Header and Trailer Analysis

The first step in any forensics challenge is to examine the raw bytes of the file. Running hexdump -C invisible_ink.pdf | head reveals the classic PDF magic number %PDF- at offset 0, confirming that the file begins as a valid PDF document. The file command corroborates this, reporting PDF document, version 1.4. However, this is only half the story.

Examining the tail of the file with hexdump -C invisible_ink.pdf | tail reveals the bytes 50 4B 05 06 — the End of Central Directory (EOCD) signature of a ZIP archive. This is the smoking gun: the file contains a complete ZIP structure at its end, meaning it can be opened by any ZIP-compatible tool.

bash

$ file invisible_ink.pdf
invisible_ink.pdf: PDF document, version 1.4

$ hexdump -C invisible_ink.pdf | head -2
00000000  25 50 44 46 2d 31 2e 34  0a ...  |%PDF-1.4.......|

$ hexdump -C invisible_ink.pdf | tail -2
0000f2a0  50 4b 05 06 00 00 00 00  01 00 01 00 ...  |PK..............|

Why Polyglot Files Work

The reason this trick works lies in the fundamental difference between how PDF and ZIP parsers locate data within a file. A PDF parser reads from the top: it finds the %PDF- header, then builds an internal structure by following cross-reference tables and object offsets until it reaches the trailer. Everything beyond the trailer is simply ignored — the PDF specification does not mandate that the file end at the trailer.

A ZIP parser reads from the bottom: it scans backward from the end of the file for the EOCD record, which contains the offset of the Central Directory. From there, it reads each Central Directory entry, which in turn points to Local File Headers scattered throughout the file. The ZIP format explicitly allows arbitrary data before the first Local File Header, making it tolerant of garbage at the beginning of the file.

This asymmetry creates a sweet spot for polyglot construction: append a complete ZIP archive after a complete PDF, and both parsers happily read their respective structures while ignoring the other format’s data. The result is a file that is simultaneously a valid PDF and a valid ZIP.

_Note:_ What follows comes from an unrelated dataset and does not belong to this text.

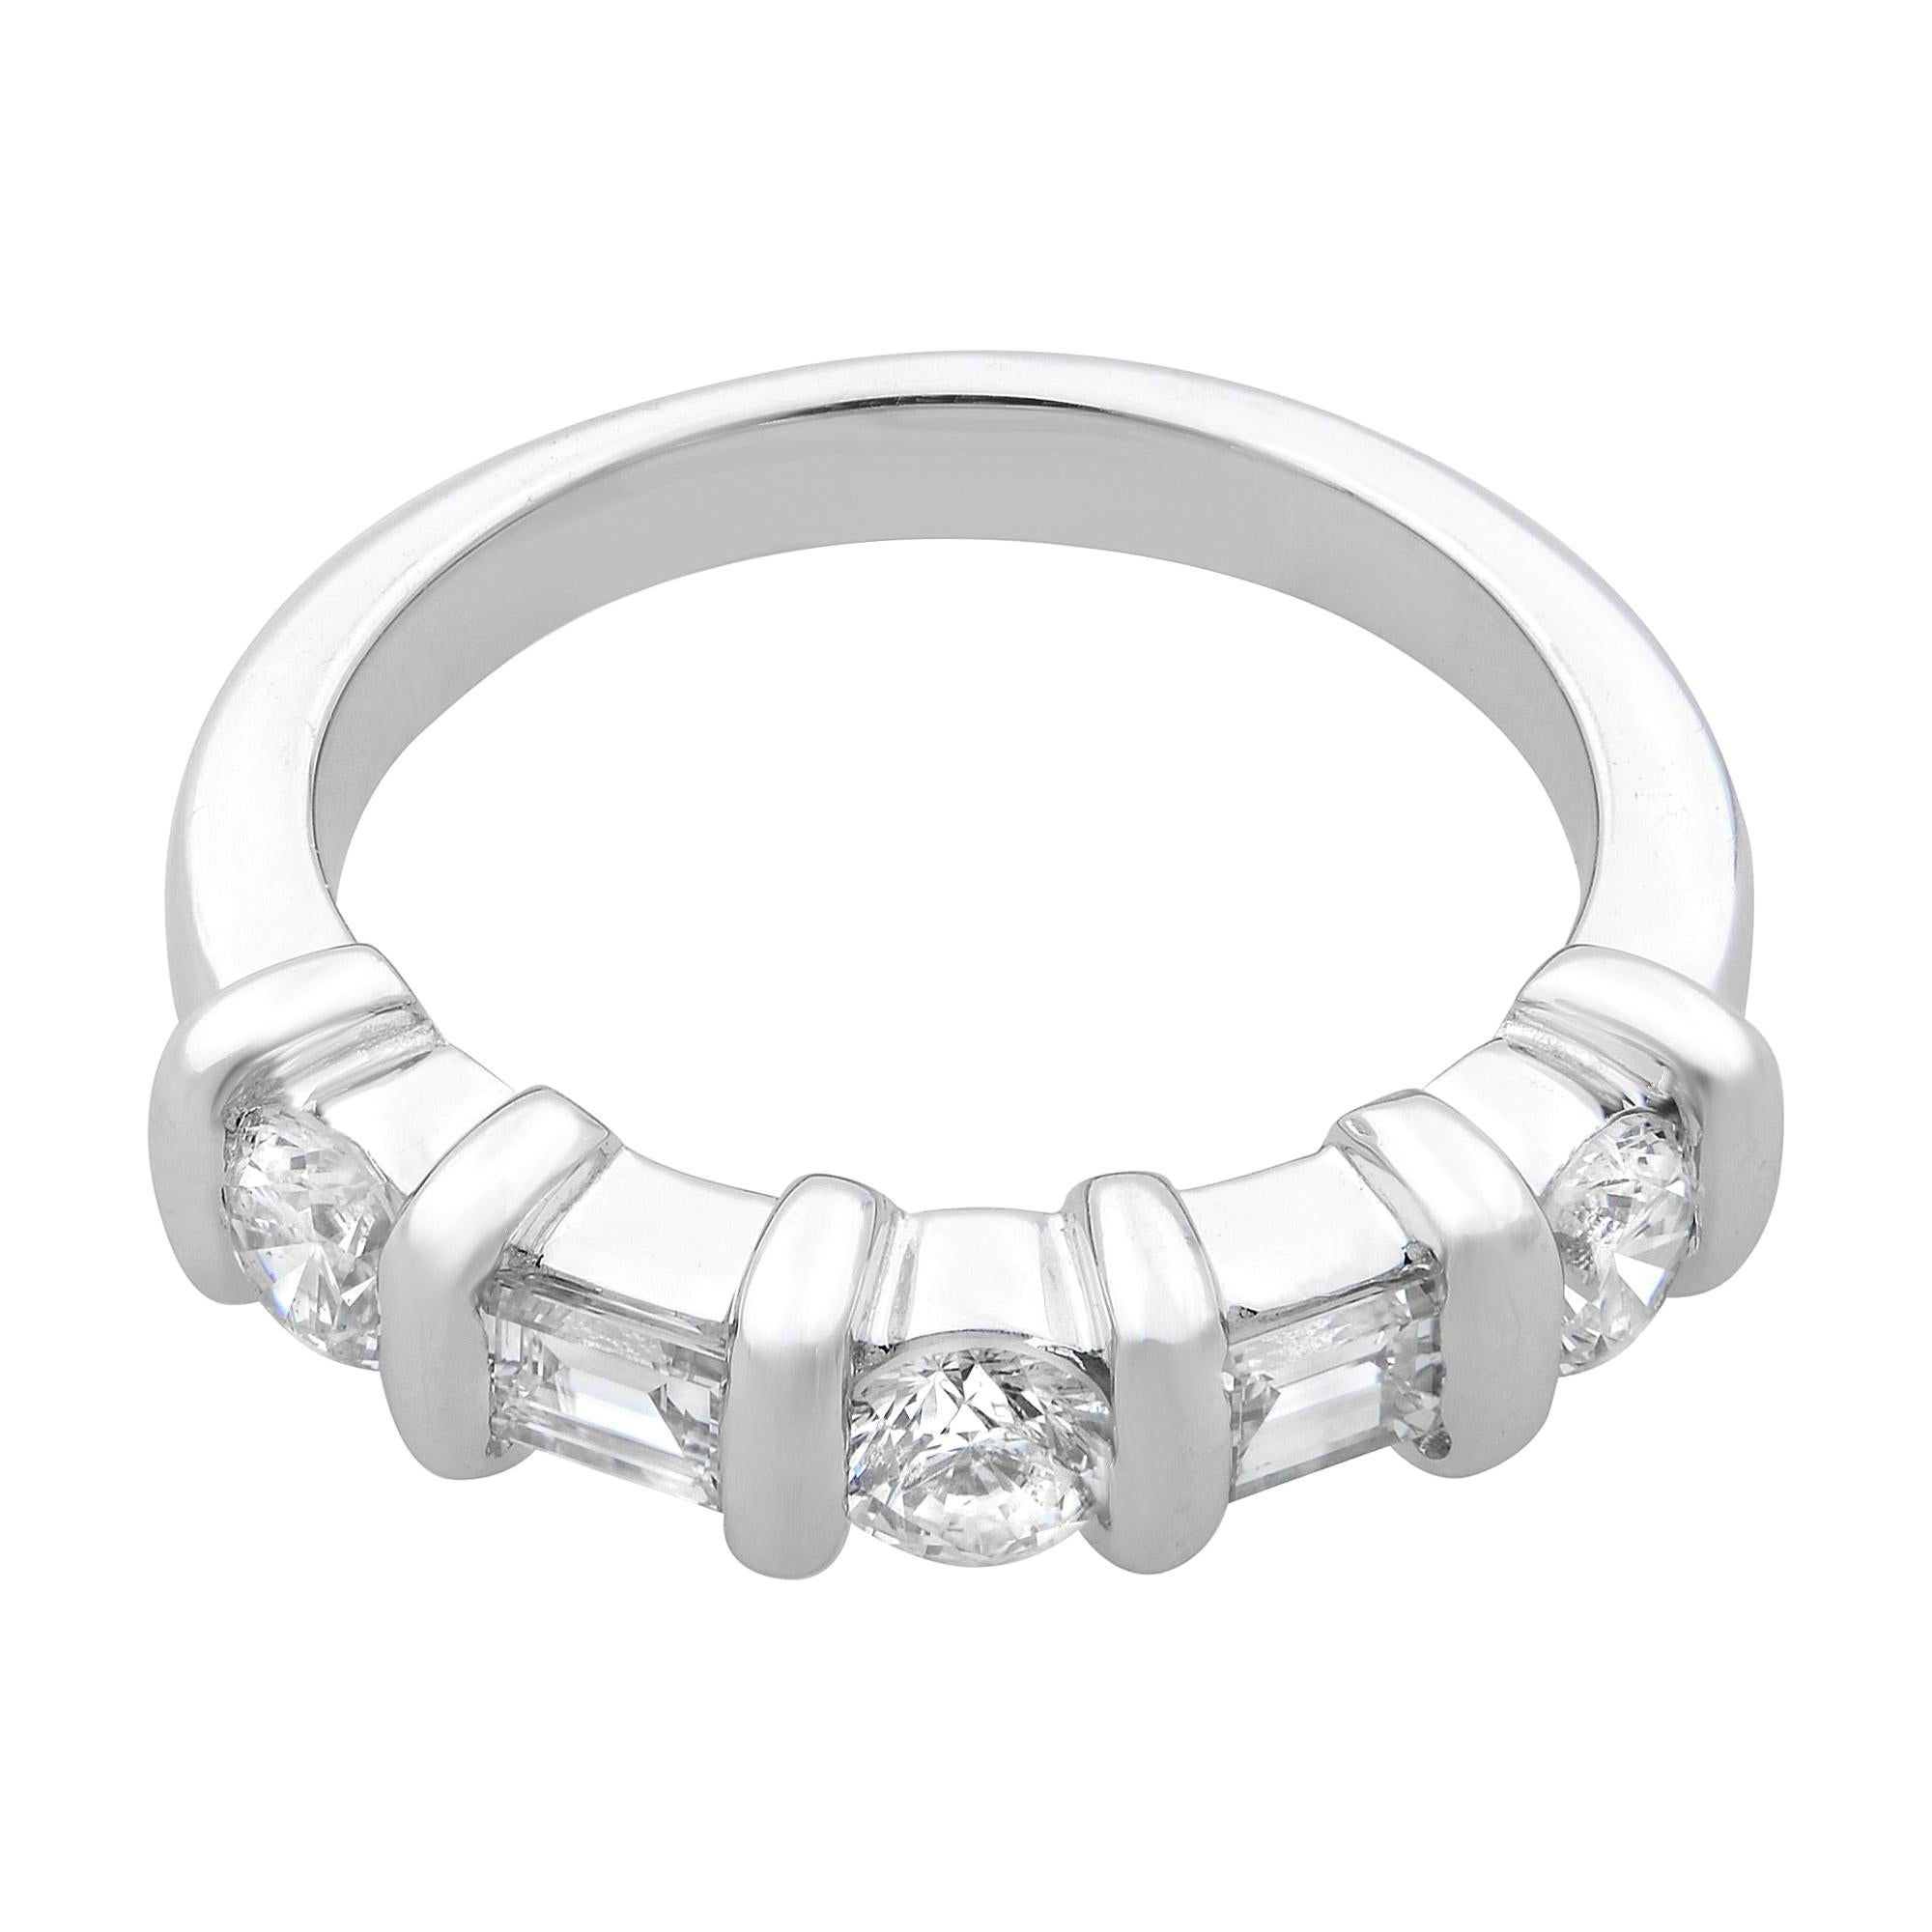 Dieser wunderschöne Diamantene Ehering besteht aus 3 Diamanten im Brillant- und 2 Diamanten im Baguetteschliff mit einem Gewicht von 0,66 ct, die mit glatten, glänzenden vertikalen, abgerundeten Rillen versehen sind. Diamant Farbe G und SI1

Info — Polyglot Construction Methods

There are multiple ways to construct PDF-ZIP polyglots. The simplest method (used here) is naive concatenation: PDF first, ZIP second. More sophisticated methods involve embedding ZIP data inside PDF stream objects, which makes the polyglot harder to detect because the ZIP structures are interleaved with PDF structures rather than simply appended. Tools like zzag and polyglot automate the construction process for various format combinations.

Opening Both Layers

Once you recognize the polyglot nature, the exploitation is straightforward. Open the file as a PDF with any viewer or library to examine the document content. Open the same file as a ZIP with any archive tool to list and extract the embedded files. On the command line, unzip -l invisible_ink.pdf will list the ZIP contents despite the .pdf extension, because unzip locates data via the EOCD, not the file extension:

bash

$ unzip -l invisible_ink.pdf
Archive:  invisible_ink.pdf
  Length      Date    Time    Name
---------  ---------- -----   ----
   284726  2026-05-10 14:22   original_distorted.png
---------                     -------
   284726                     1 file

The ZIP layer contains a single file: original_distorted.png, which is encrypted and requires a password to extract. Finding that password is the next phase of the challenge.

White-on-White Text Extraction

PDF Layer Separation

The PDF format maintains a strict separation between the rendering layer (which controls how text and graphics appear visually — font, size, color, position) and the text layer (which stores the raw Unicode character data for search, copy-paste, and accessibility). This separation exists so that PDFs can be searched and indexed without requiring OCR, even when the visual presentation is complex.

An attacker can exploit this separation by placing text in the PDF that is present in the text layer but invisible in the rendering layer. The simplest method is to set the text color to white (#FFFFFF) on a white background. The text data is stored in the PDF’s content stream, and the glyph coordinates and character codes are fully intact — but when rendered, the white glyphs blend perfectly into the white page, making them undetectable to the human eye.

Extraction with PyMuPDF

Text extraction tools like PyMuPDF (the fitz library) operate on the text layer, not the rendering layer. When you call page.get_text(), the library reads the character codes and glyph positions from the PDF content stream and returns the raw Unicode text. It does not evaluate the rendering state — font color, background color, or clipping paths — because those are concerns of the display engine, not the data extraction engine.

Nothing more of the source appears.